We recommend settings half_model=True, which on the tested GPU (Quadro RTX 3000) reduces memory consumption from 12GB to 7GB while the effect in benchmarks is negligible (±0.1 percentages points in different sets, generally below standard error)
- class bio_embeddings.embed.ProtTransXLNetUniRef100Embedder(**kwargs)[source]¶
ProtTrans-XLNet-UniRef100 Embedder (ProtXLNet)

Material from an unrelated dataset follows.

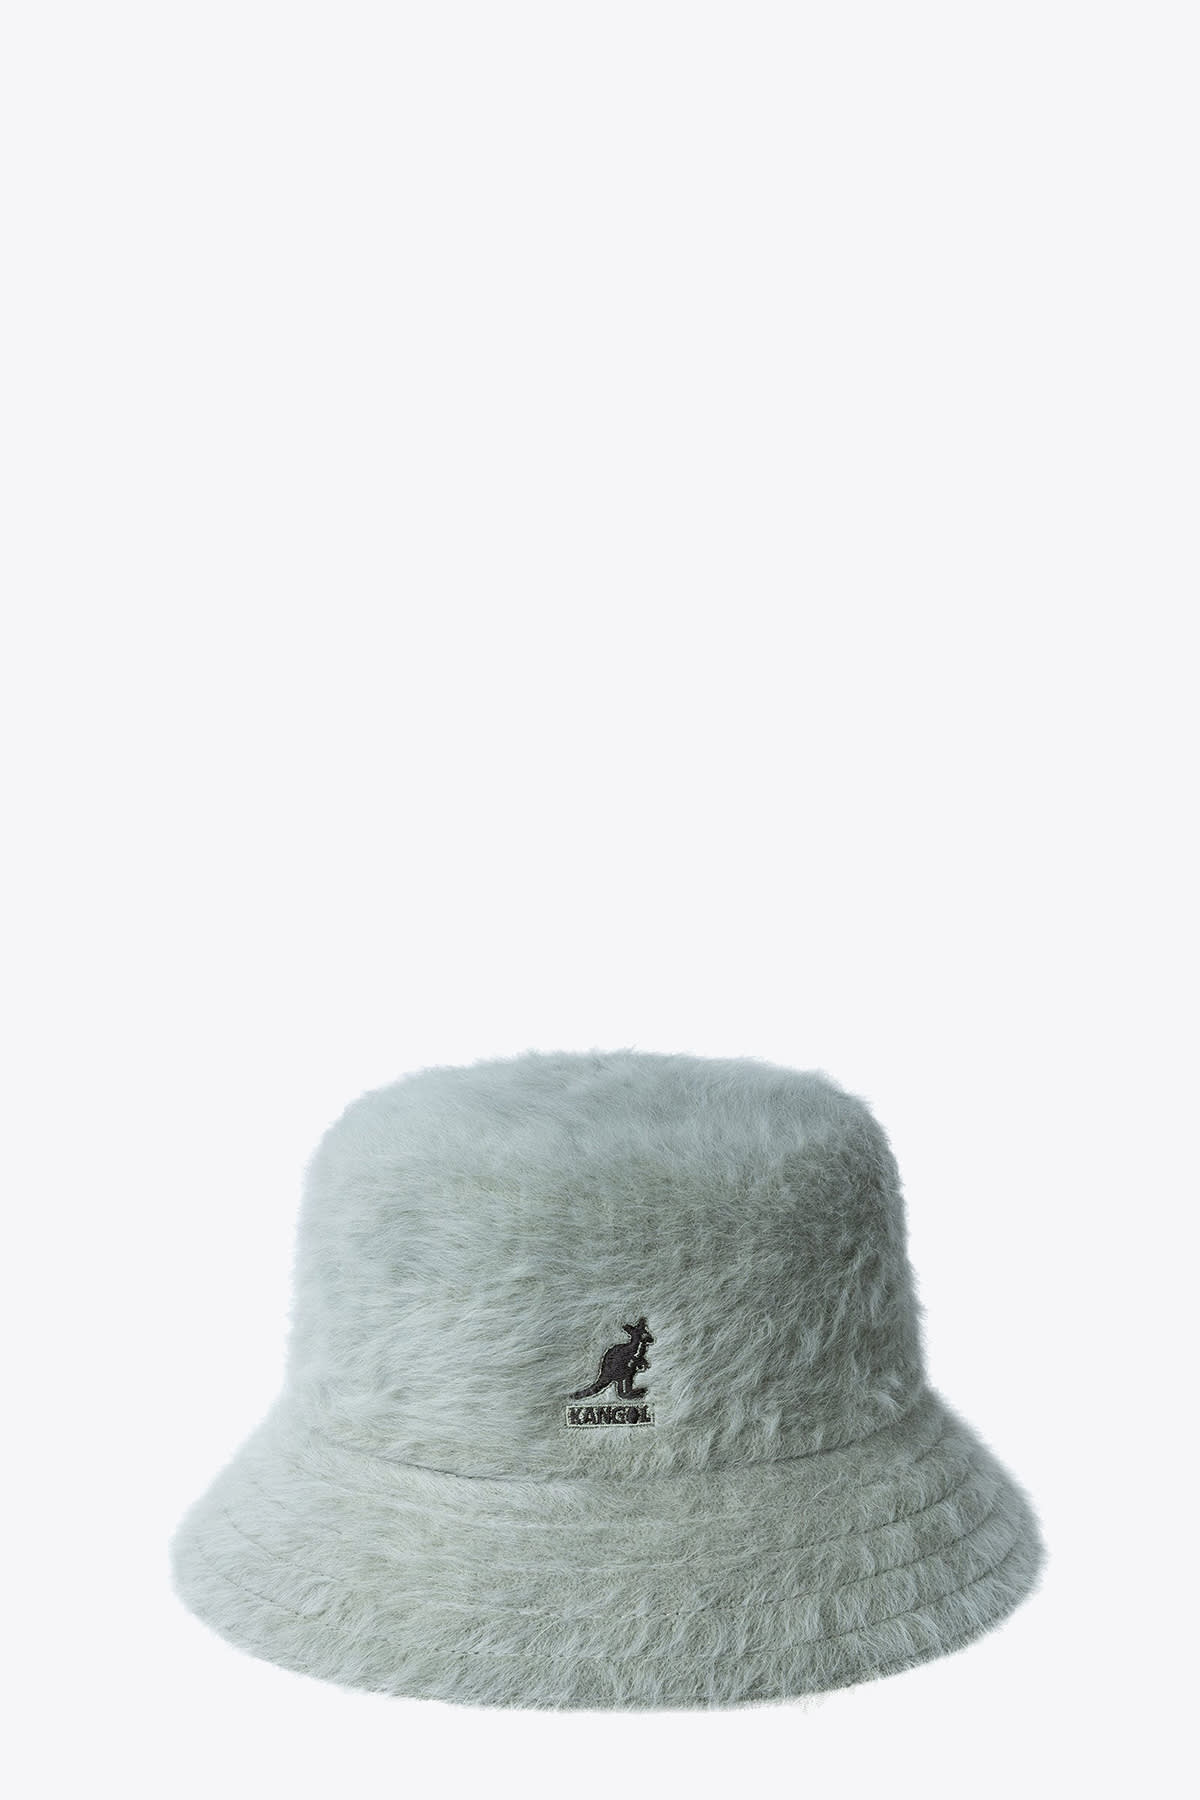 Kangol Furgora Bucket Grey eco-fur bucket hat

Elnaggar, Ahmed, et al. “ProtTrans: Towards Cracking the Language of Life’s Code Through Self-Supervised Deep Learning and High Performance Computing.” arXiv preprint arXiv:2007.06225 (2020). https://arxiv.org/abs/2007.06225
- embed(sequence: str) numpy.ndarray [source]¶
Returns embedding for one sequence.
- Parameters
sequence – Valid amino acid sequence as String
- Returns
An embedding of the sequence.
- class bio_embeddings.embed.SeqVecEmbedder(warmup_rounds: int = 4, **kwargs)[source]¶
SeqVec Embedder
Heinzinger, Michael, et al. “Modeling aspects of the language of life through transfer-learning protein sequences.” BMC bioinformatics 20.1 (2019): 723. https://doi.org/10.1186/s12859-019-3220-8
- __init__(warmup_rounds: int = 4, **kwargs)[source]¶
Initialize Elmo embedder. Can define non-positional arguments for paths of files and other settings.
- Parameters
warmup_rounds – A sample sequence will be embedded this often to work around elmo’s non-determinism (https://github.com/allenai/allennlp/blob/v0.9.0/tutorials/how_to/elmo.md#notes-on-statefulness-and-non-determinism)

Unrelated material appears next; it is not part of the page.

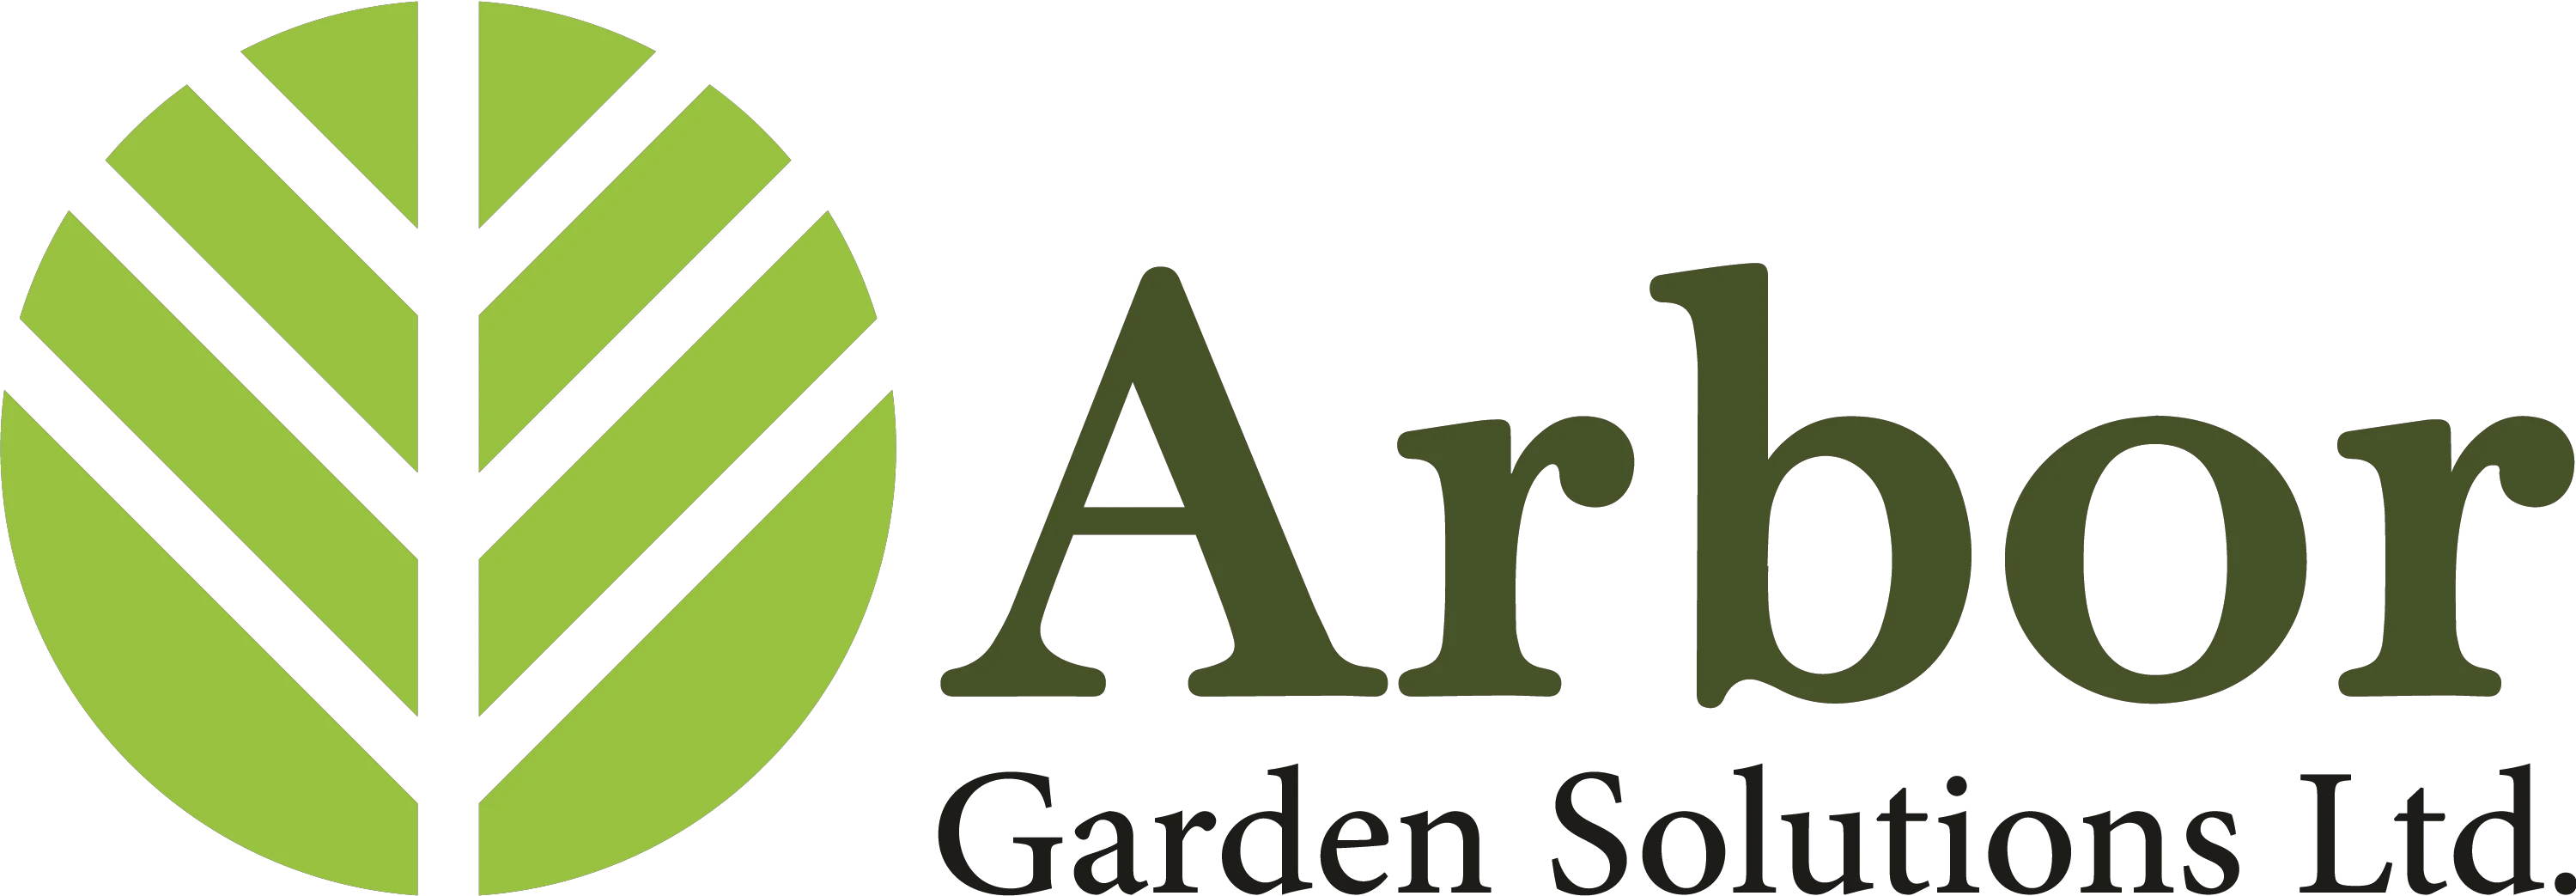 Arbor Garden Solutions Купоны

weights_file – path of weights file
options_file – path of options file
model_directory – Alternative of weights_file/options_file
max_amino_acids – max # of amino acids to include in embed_many batches. Default: 15k AA
- class bio_embeddings.embed.UniRepEmbedder(device: Union[None, str, torch.device] = None, **kwargs)[source]¶
UniRep Embedder
Alley, E.C., Khimulya, G., Biswas, S. et al. Unified rational protein engineering with sequence-based deep representation learning. Nat Methods 16, 1315–1322 (2019). https://doi.org/10.1038/s41592-019-0598-1
We use a reimplementation of unirep:
Ma, Eric, and Arkadij Kummer. “Reimplementing Unirep in JAX.” bioRxiv (2020). https://doi.org/10.1101/2020.05.11.088344
- __init__(device: Union[None, str, torch.device] = None, **kwargs)[source]¶
Initializer accepts location of a pre-trained model and options
- class bio_embeddings.embed.Word2VecEmbedder(**kwargs)[source]¶
- __init__(**kwargs)[source]¶
- Parameters
model_file – path of model file. If not supplied, will be downloaded.